## TASK ITEM
Could you copy the data that follows exactly as written, but drop the pictures?

*** DATA SEGMENT Section Begins ***

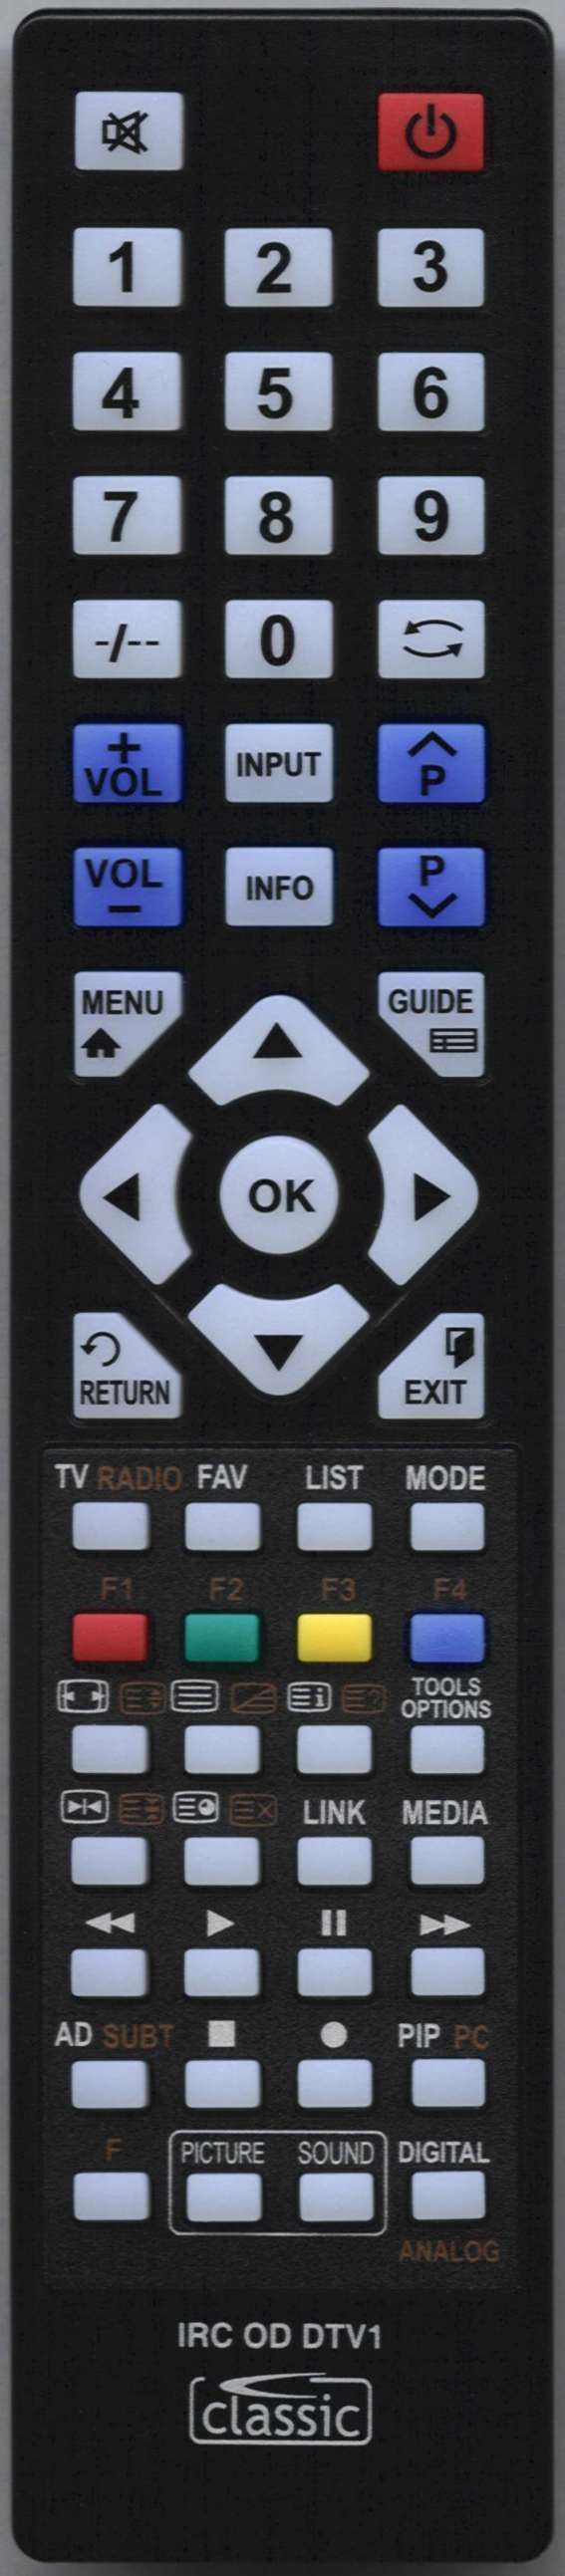 Daewoo 48B6259B0101 Remote Control
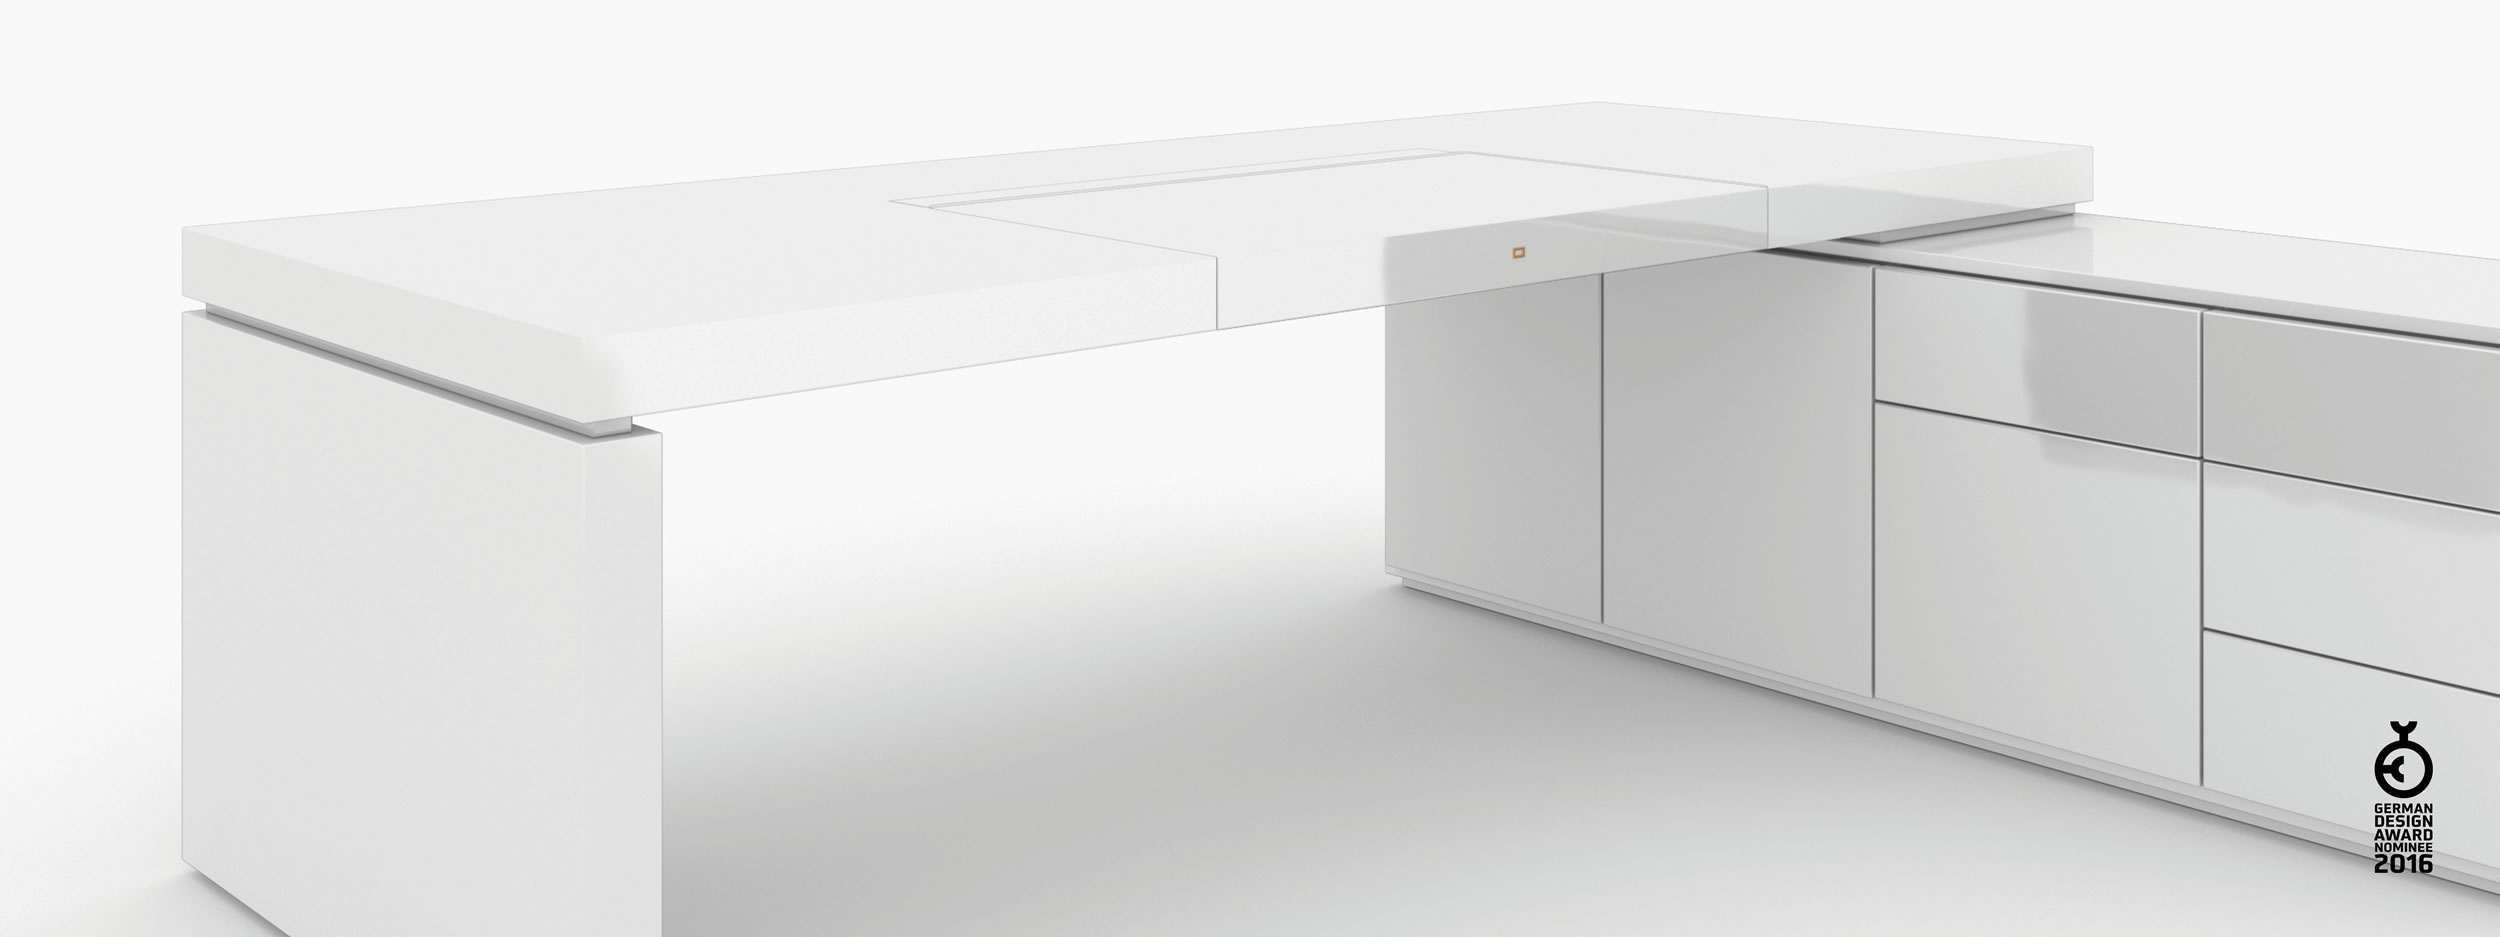 Schreibtisch scheiben und quader weiss white room Chefzimmer sculptural furniture Schreibtische FS 94 FELIX SCHWAKE RECHTECK
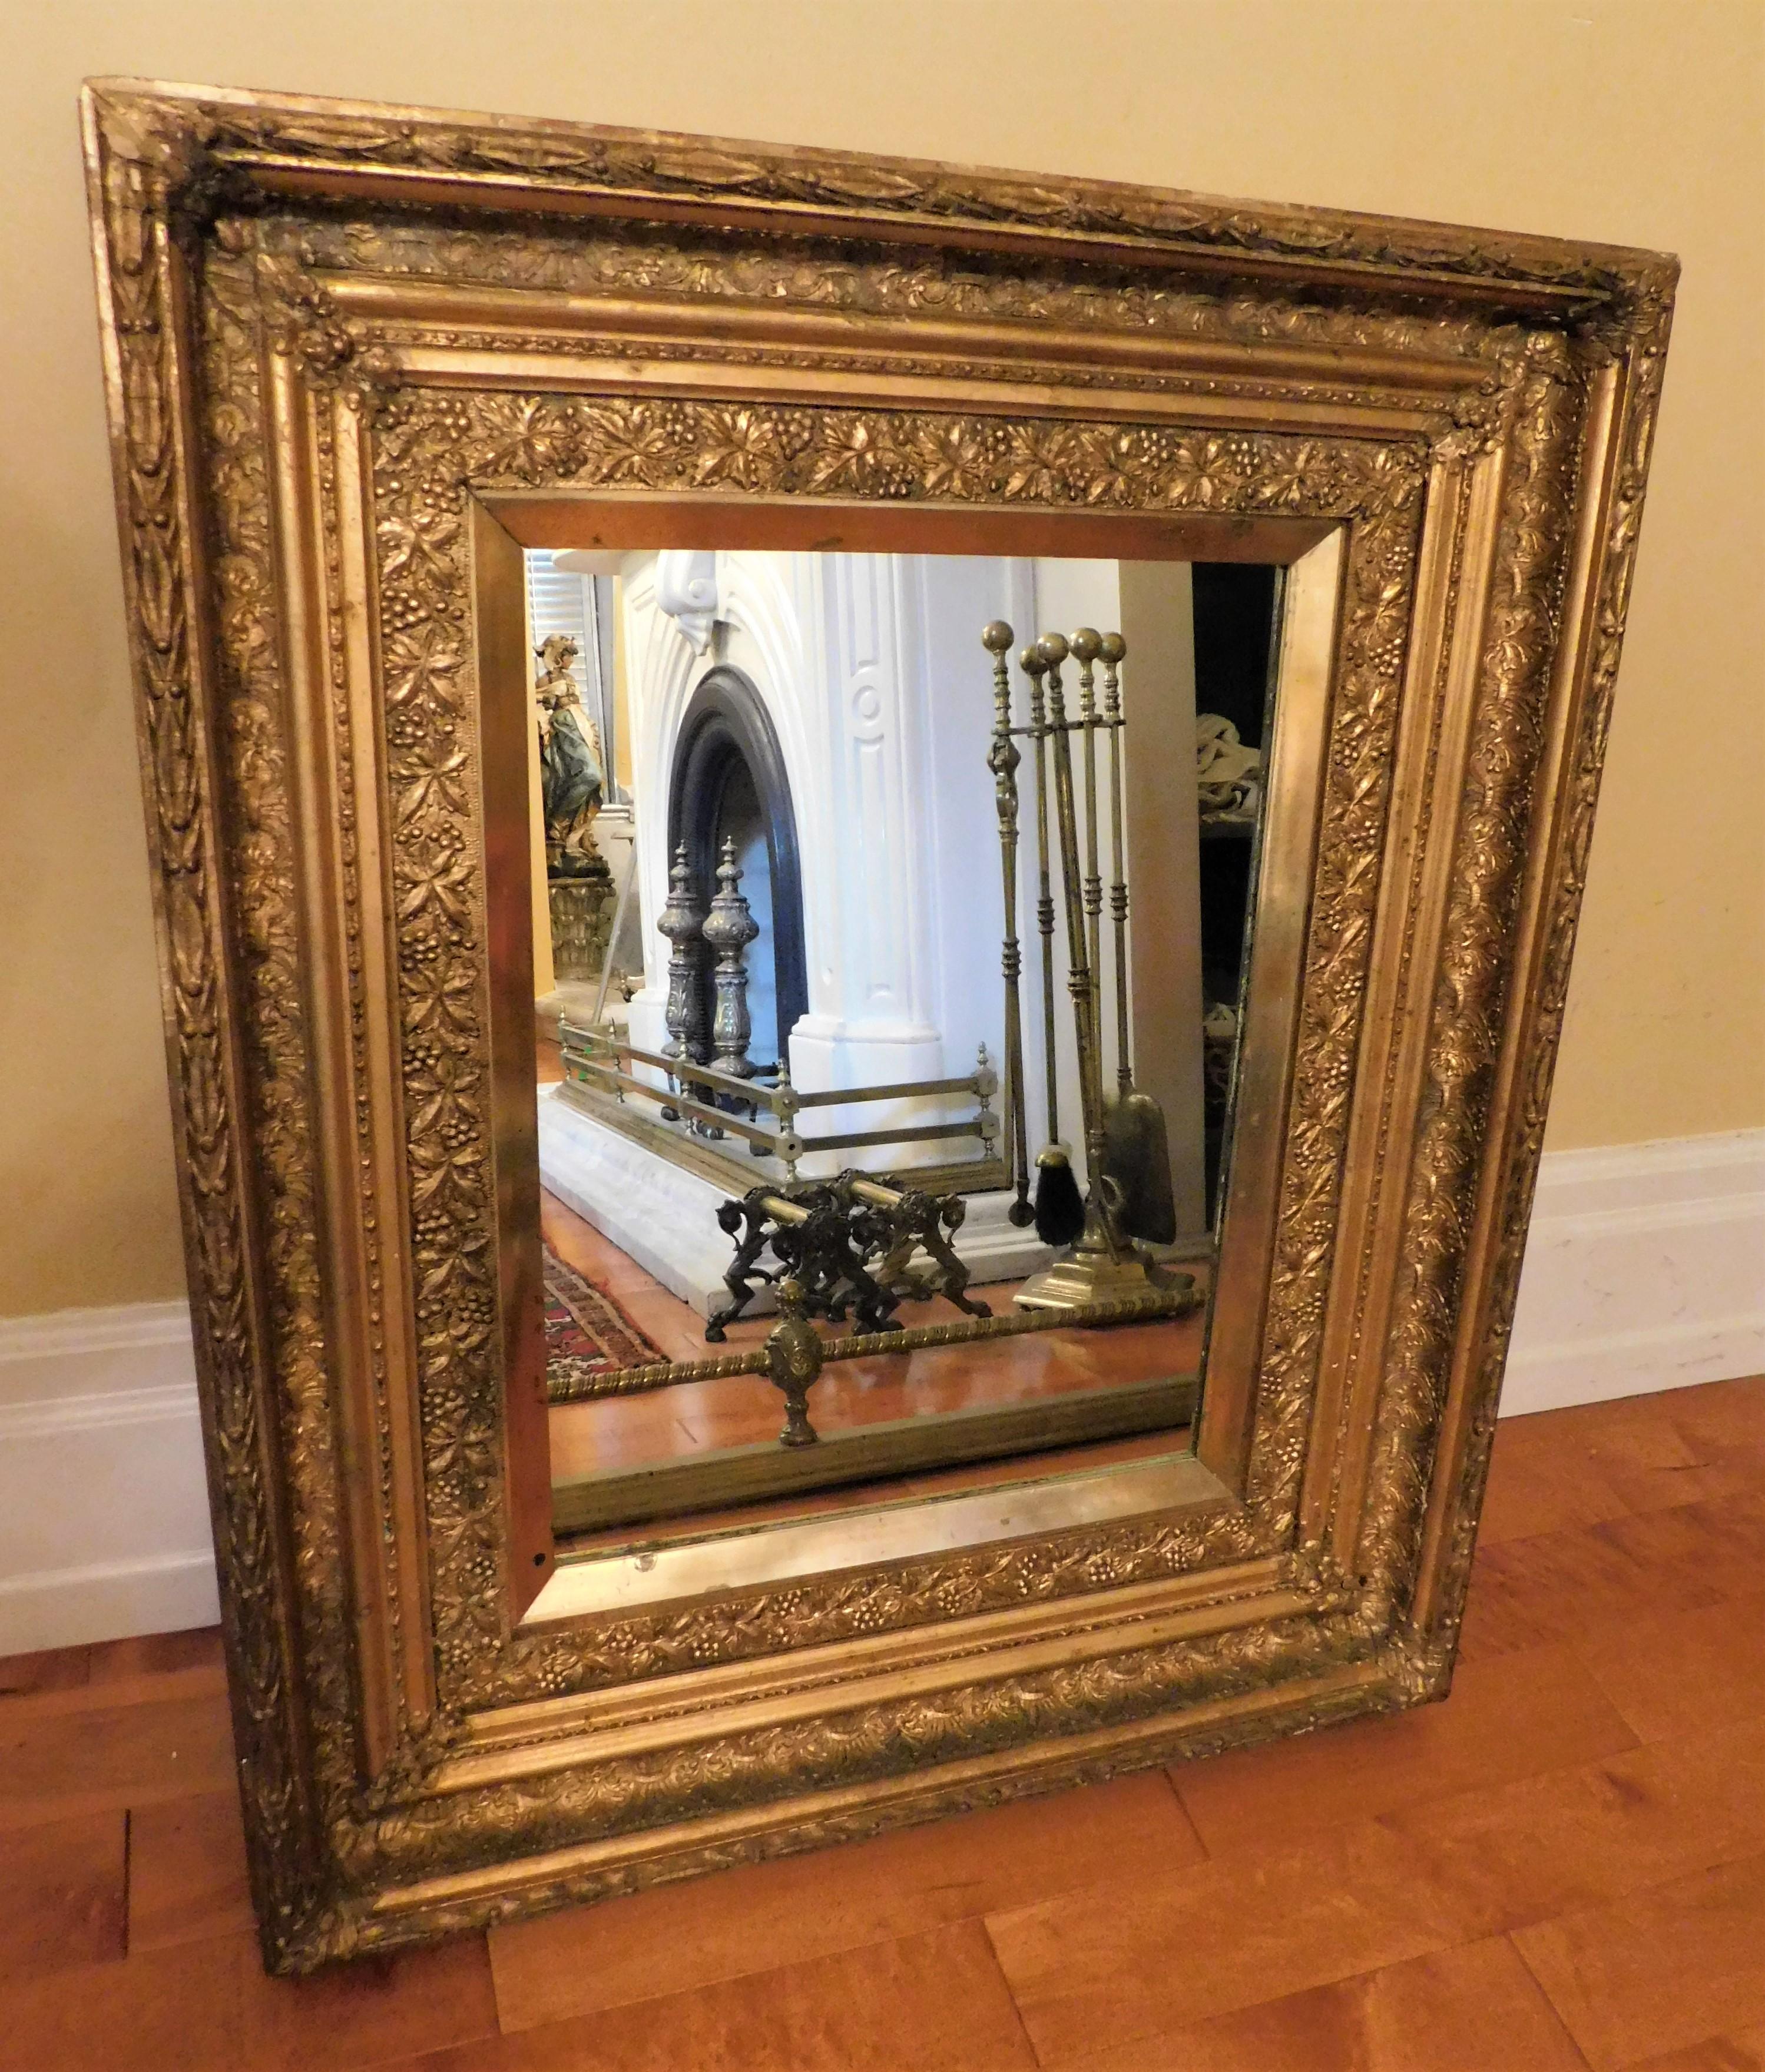 Belgien in einem goldgerahmten Spiegel im französischen Stil, um 1910. Schöner Spiegel, der an einer Wand oder über einem Kamin, auf einem Kaminsims verwendet werden kann... Oder der Rahmen könnte für ein Gemälde oder ein Kunstwerk verwendet werden.

*** DATA SEGMENT Section Ends ***

## ANSWER
 Daewoo 48B6259B0101 Remote Control
 Schreibtisch scheiben und quader weiss white room Chefzimmer sculptural furniture Schreibtische FS 94 FELIX SCHWAKE RECHTECK
 Belgien in einem goldgerahmten Spiegel im französischen Stil, um 1910. Schöner Spiegel, der an einer Wand oder über einem Kamin, auf einem Kaminsims verwendet werden kann... Oder der Rahmen könnte für ein Gemälde oder ein Kunstwerk verwendet werden.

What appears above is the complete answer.